# Messstellenumschalter Mechanisch oder Elektronisch



## Balou (28 Juli 2004)

Nabend,

wir suchen für eine Anlage bei uns in der Firma einen Messtellenumschalter es ist egal ob Mechanisch oder Elektronisch.
Wichtig iss er muss 8 Verschiedene Messungen aufnehmen und günstig sollte er auch sein  

MfG Balou


----------



## gorden (28 Juli 2004)

guten tag.

wir sind im Zeitalter der Modernen Elektronik ich kann es nicht nachvollziehen das es Immernoch leute gibt die sowas einbauen.

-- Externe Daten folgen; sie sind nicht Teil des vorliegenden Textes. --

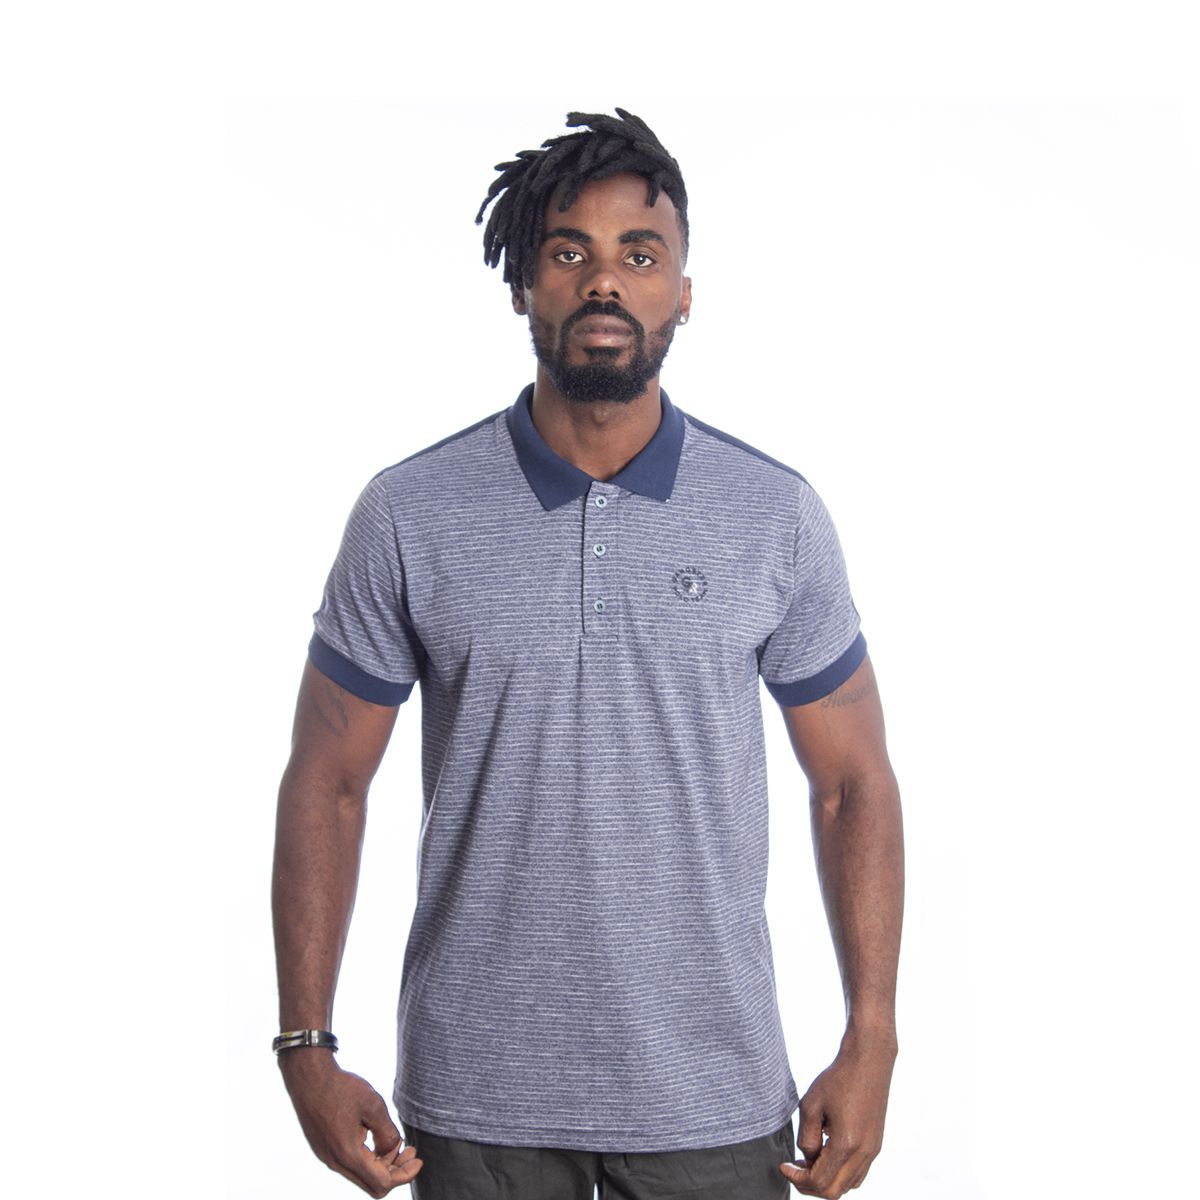 Camiseta Polo Masculina Algodão Gangster Clássica 29.08.0345

Das kan doch viel eleganter, einfacher und schneller gelöst werden mit einer SPS dazu ist es noch Wartungsärmer und somit wirtschaftlicher...

mfg 
Gorden


----------



## Kurt (29 Juli 2004)

*Bitte um Aufklärung -> geklärt*

Hallo Balou,

ist ein Messstellenumschalter ein 'Ding', dass über Binäreingänge Analogsignale umschaltet, damit man (zB bei der SPS) nur einen Analogeingang benötigt.

So ne Art Multiplexer oder Analogswitch?

Gruss
Kurt

*ERLEDIGT* -> habe bei Ziehl das MUM nachgelesen.


----------



## PeterEF (29 Juli 2004)

*MUM8...*

...heißt ein Teil, das hier noch liegt. ich habs sowas mal verwendet und es funktionierte ganz gut. Der hier kann 8xI oder 8xU oder 4xPT100 umschalten, je nach Wunsch von allein nach Zeit oder durch dig.Eingänge.
Er kommt von Ziehl (www.ziehl.de), was er mal kostete müßte ich erst nachgucken. Bei Interesse: einen hab ich übrig....

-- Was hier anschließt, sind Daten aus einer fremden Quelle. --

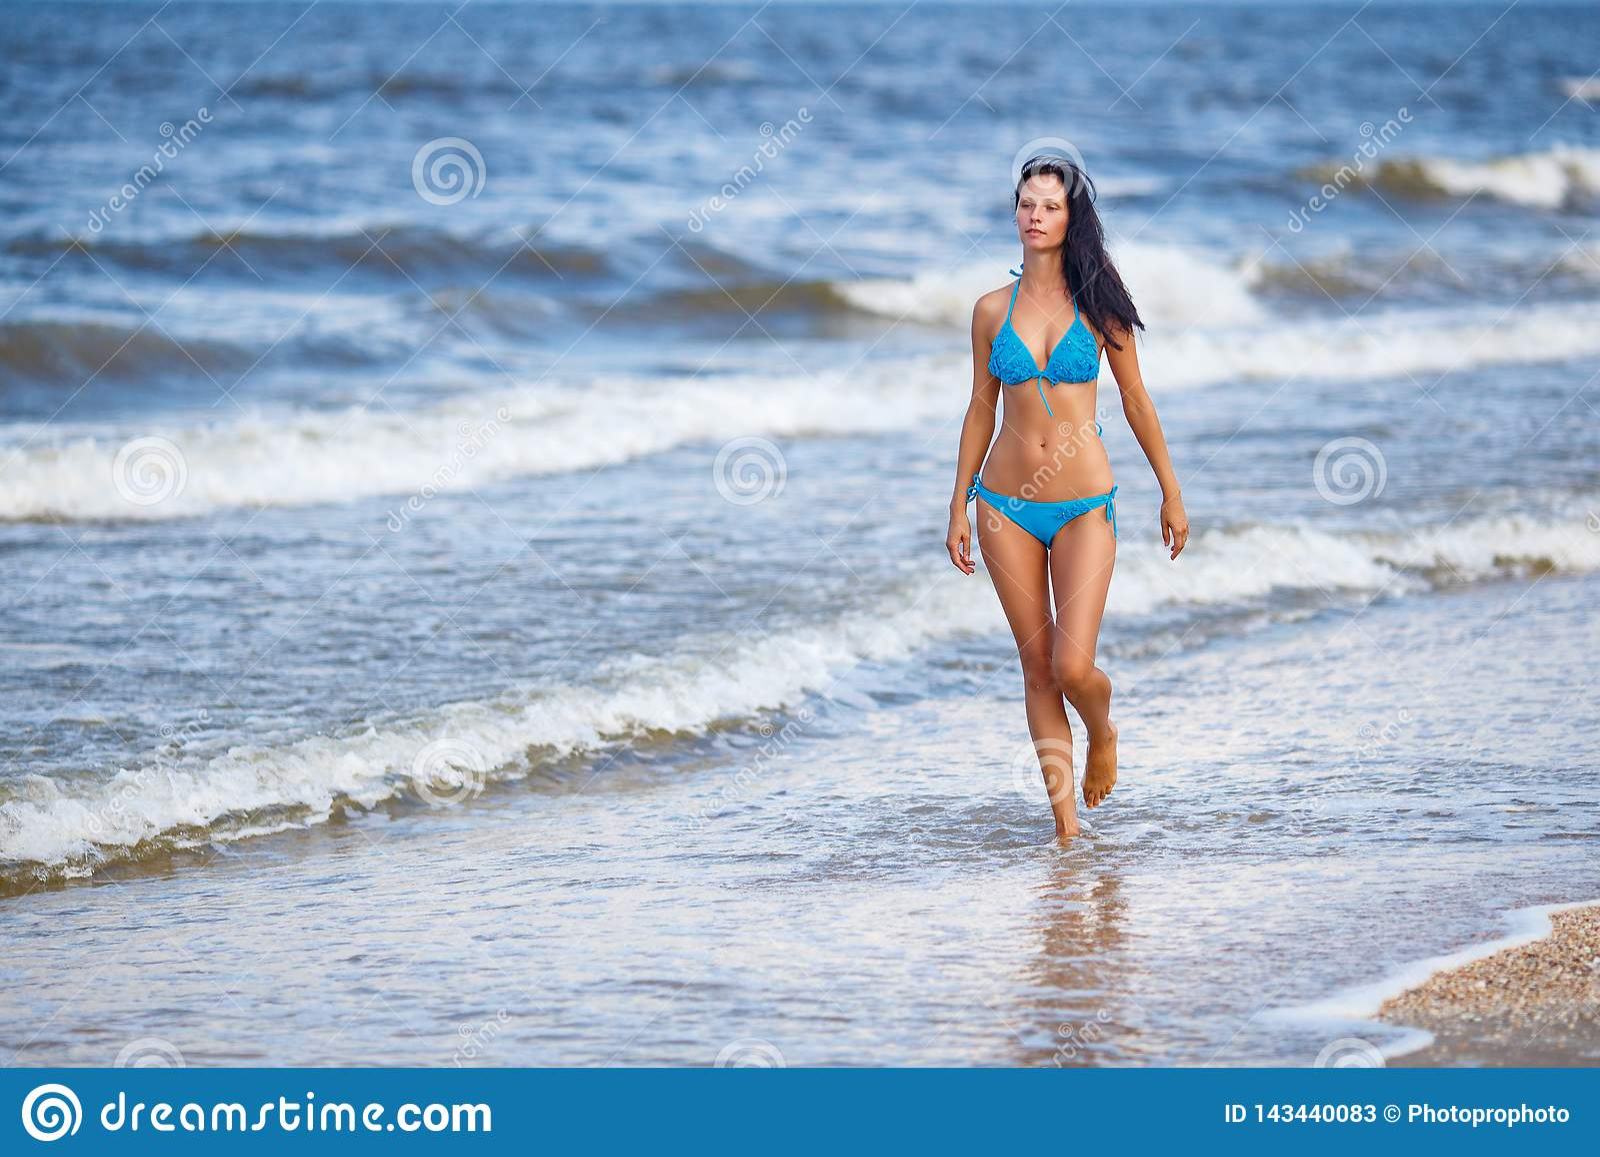 Красивая худенькая женщина в голубом купальнике идя на пляж

@Gordon: denk noch mal drüber nach!

Peter


----------



## Balou (29 Juli 2004)

Moin

also als erstes muss ich sagen das wir das ding bei uns in der Firma einsetzen wollen (genauer mein Chef).

Zweitens muss ich Gorden recht geben ich finde sowas auch extrem Unschön (hallo Chef).

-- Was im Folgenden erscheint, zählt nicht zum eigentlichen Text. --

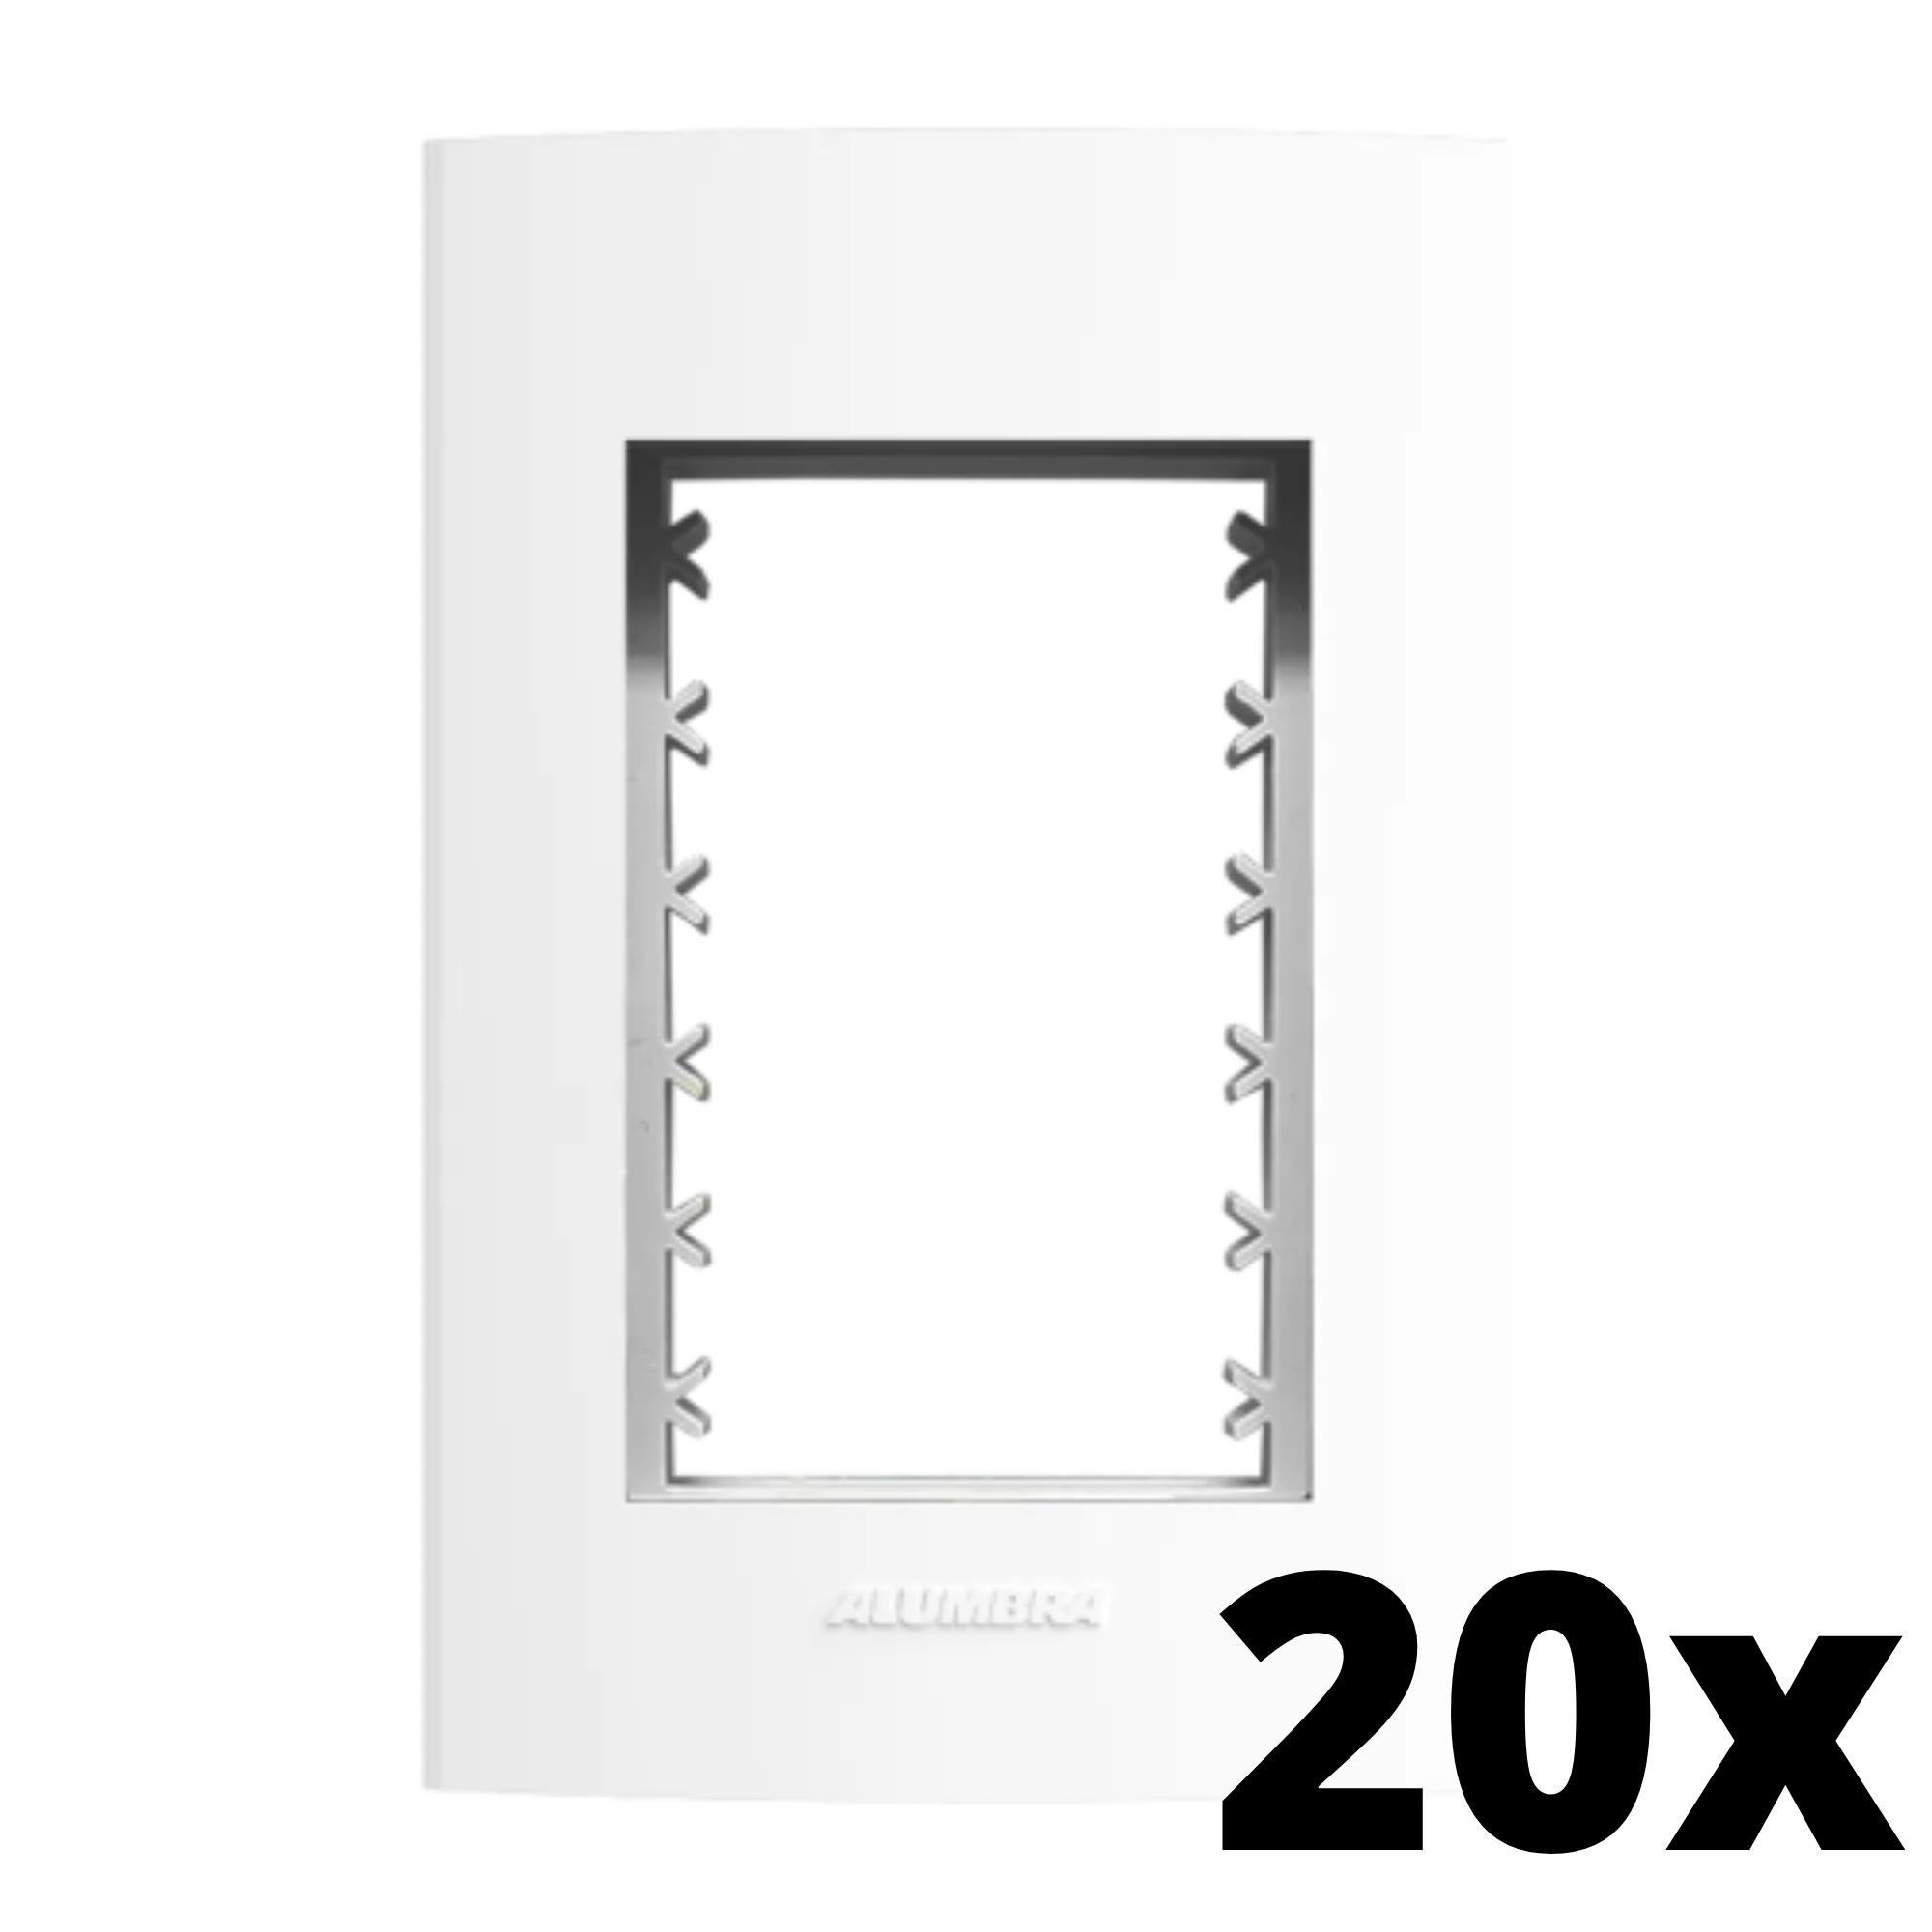 Kit 20 und Inova Pró Placa 4x2 3 Seções

@ Kurt ja mit dem Messtellen umschalter wollen wir 8 Analoge messungen´so Schalten das man dafür nurt einen Analog eigang in die SPS braucht.

MfG Balou


----------



## PeterEF (29 Juli 2004)

schau doch mal hier: http://www.ziehl.de/, dann links im Frame 'Schaltrelais und Steuerungen' nehmen und dann nauch unten blättern zu MUM 8 bzw. MUM 16.

Viel Spaß!


----------



## Balou (29 Juli 2004)

Besten Dank Peter hatte das MUM 8 im Titel übersehn Sorry war mein Fehler hab den anderen Beitrag schon geändert
Mfg Balou


----------



## Zottel (29 Juli 2004)

@balou
Wenn du schon eine SPS mit AA hast, häng doch ein paar Relais hinter ein paar(zusätzliche?) DAs. Standardbauteile und vielleicht billiger als der MUM?


----------



## Balou (29 Juli 2004)

@Zottel
klar das iss auch ne gute Idee aber das kostet auch wieder 8 DI Ausgänge zum Ansteuern der Relais.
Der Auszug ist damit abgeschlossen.